In 1975 Breytenbach was back, but in a new role: on a clandestine mission to recruit saboteurs on behalf of the African National Congress (ANC). He was soon picked up by the security police, and spent seven years in jail. Returning to France, he publicly cut ties with his people: “I do not consider myself to be an Afrikaner.”
Nevertheless, during the 1980s he paid further private visits, under police supervision. A 1991 visit gave rise to Return to Paradise, the narrative of a journey through the “reformed” South Africa of F.W. de Klerk. As he explained, the book was meant to be read together with A Season in Paradise—the record of his 1973 visit—and his prison memoir The True Confessions of an Albino Terrorist as an autobiographical triptych.
Being called “a bastard people with a bastard language” jolted even those Afrikaners sympathetic to Breytenbach. But in the years that have passed since 1973, “bastardy”—or, more politely, “hybridity”—has become a familiar term in cultural history and cultural politics. Revisionist historians are busy rewriting the story of the Southern African colonial frontier as a zone of barter and exchange where old cultural baggage was shed and new baggage taken aboard, and where new identities—even new racial identities—were tried on like clothing. For adventurously minded Afrikaners, laying claim to a dark ancestor now holds considerable cachet (Breytenbach himself is not immune to such self-fashioning).

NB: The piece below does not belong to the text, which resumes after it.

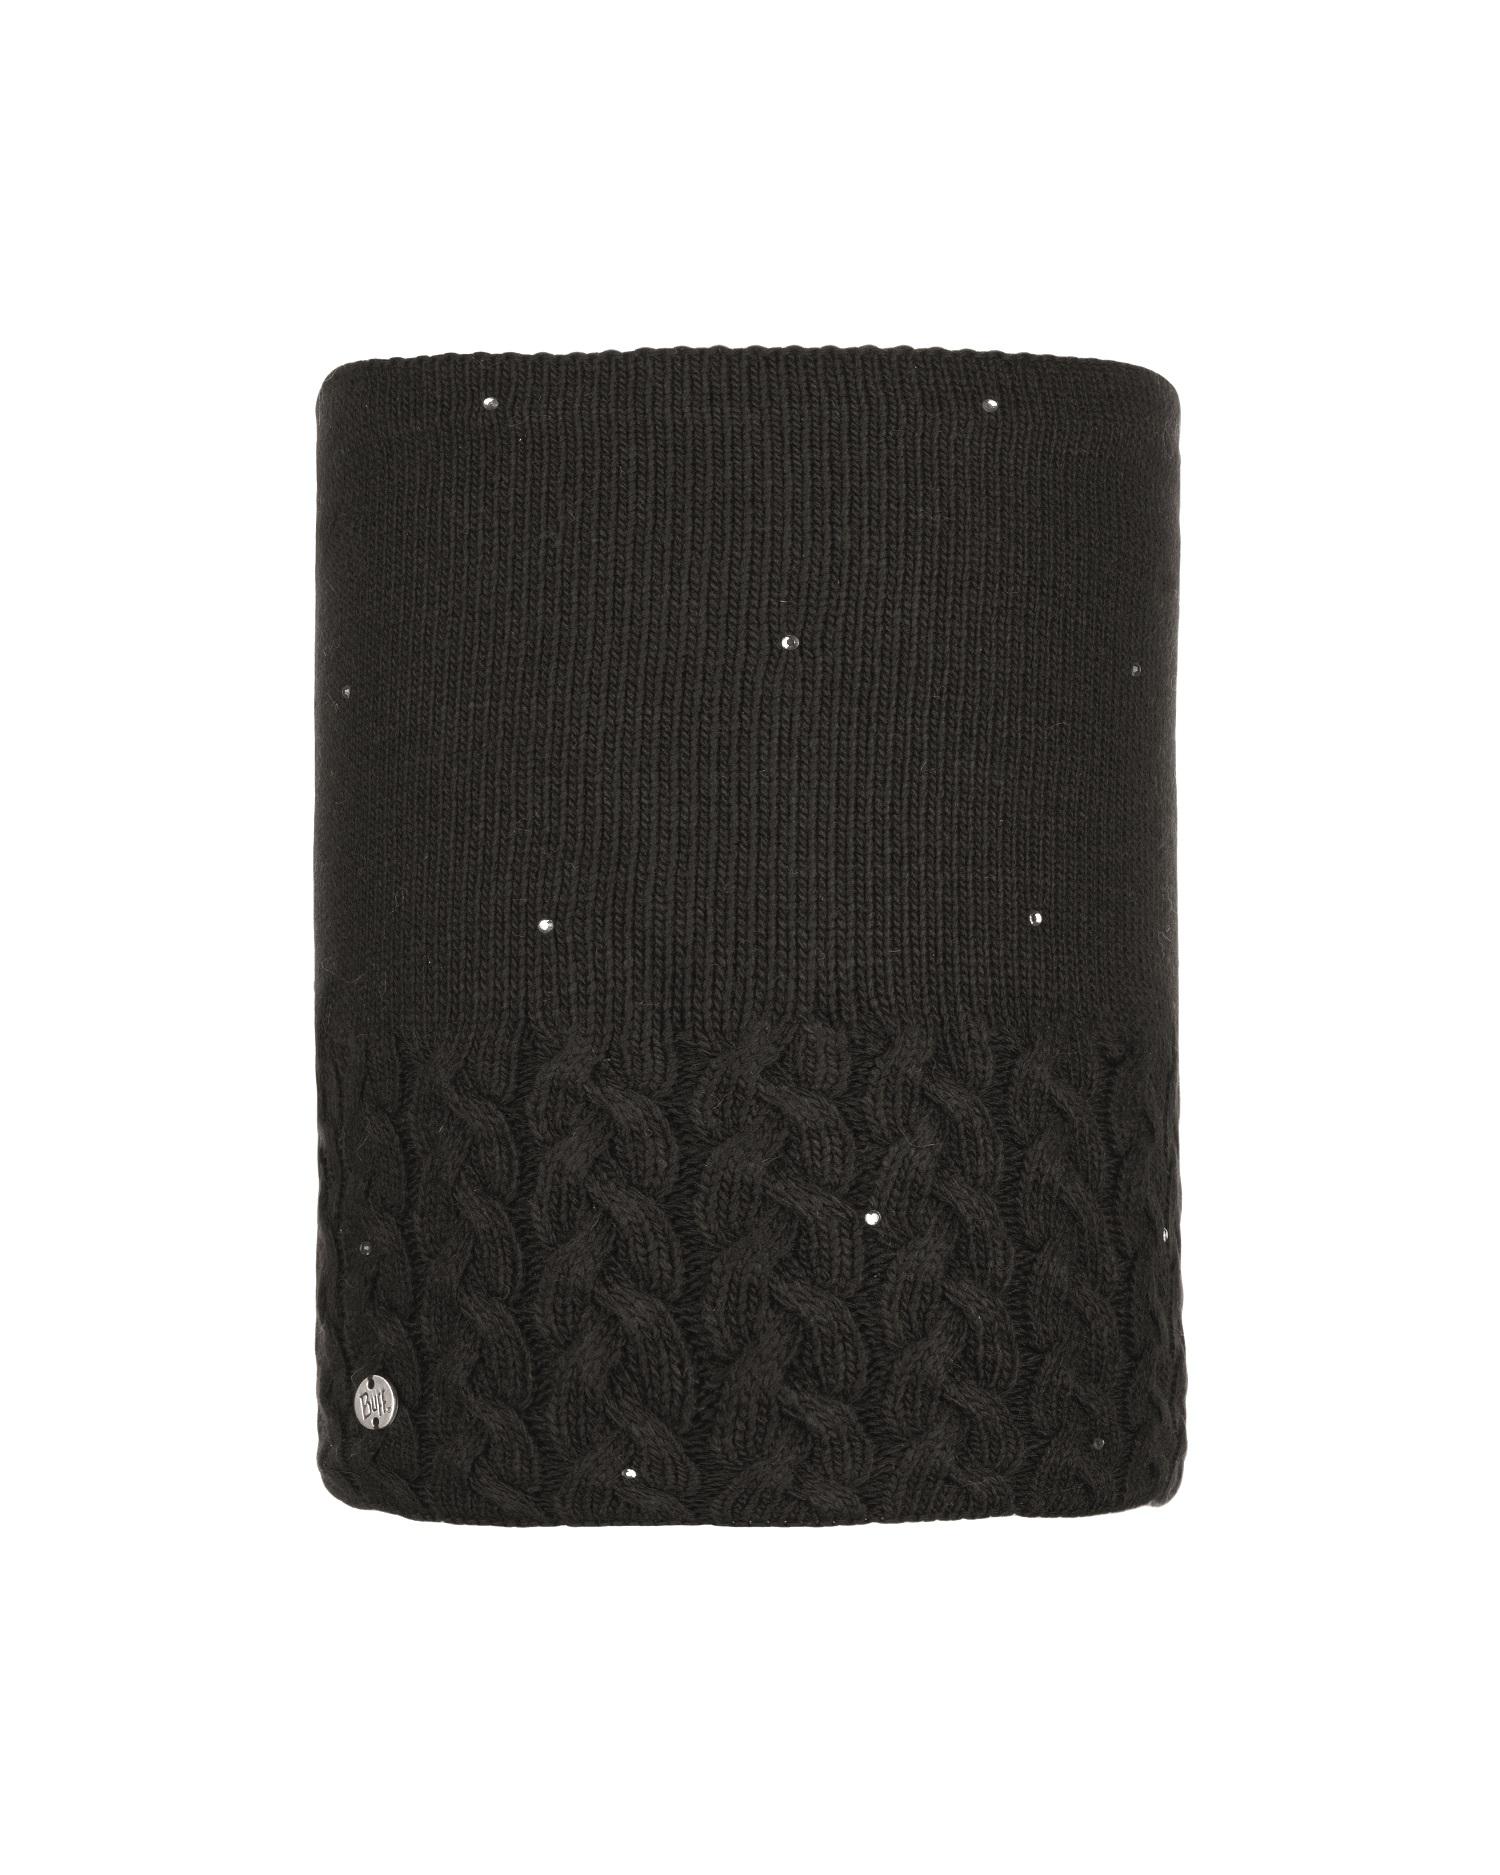 Купить Шарф BUFF KNITTED & POLAR NECKWARMER ELIE BLACK Банданы и шарфы Buff ® 1377338

Thus half a century after the National Party came to power vowing to preserve at whatever cost the Christian Aryan identity of the Afrikaner, the wheel has come full circle: the intellectual vanguard of the Afrikaans-speaking sector, shying away from the name “Afrikaner” so long as it carries its old historical freight of racial exclusivity, claim that they represent an embryonic, genetically hybrid, culturally syncretic, religiously diverse, nonexclusive, as yet unnamed group (“people” is still too loaded a term) defined (loosely) by attachment to a language—Afrikaans—of mixed provenance (Dutch, Khoi, Malay) but rooted in the African continent.
Dog Heart, Breyten Breytenbach’s new memoir, is confined to a tiny part of South Africa, a region of the Western Cape province dubbed by him “Heartland,” and within it to the town of Montagu, not far from his birthplace, where he and his wife buy and restore a house for their own use.
The economy of the region is based on viticulture and fruit farming, but in recent years Montagu itself (population 23,000), a town of some charm, blessed with hot springs and a spectacular setting, has become a haven for retired people, artists, and craft workers. Demographically it is unrepresentative of the country as a whole. Whereas two thirds of the national population is black, the people of Breytenbach’s Montagu are overwhelmingly brown or white; though nationwide Afrikaans is the mother tongue of only one person in seven, in Montagu it predominates; and, in a country whose population is skewed toward youth (nearly half of it is under the age of twenty-one), Montagu is a town of aging people: the young have migrated to the cities in search of work.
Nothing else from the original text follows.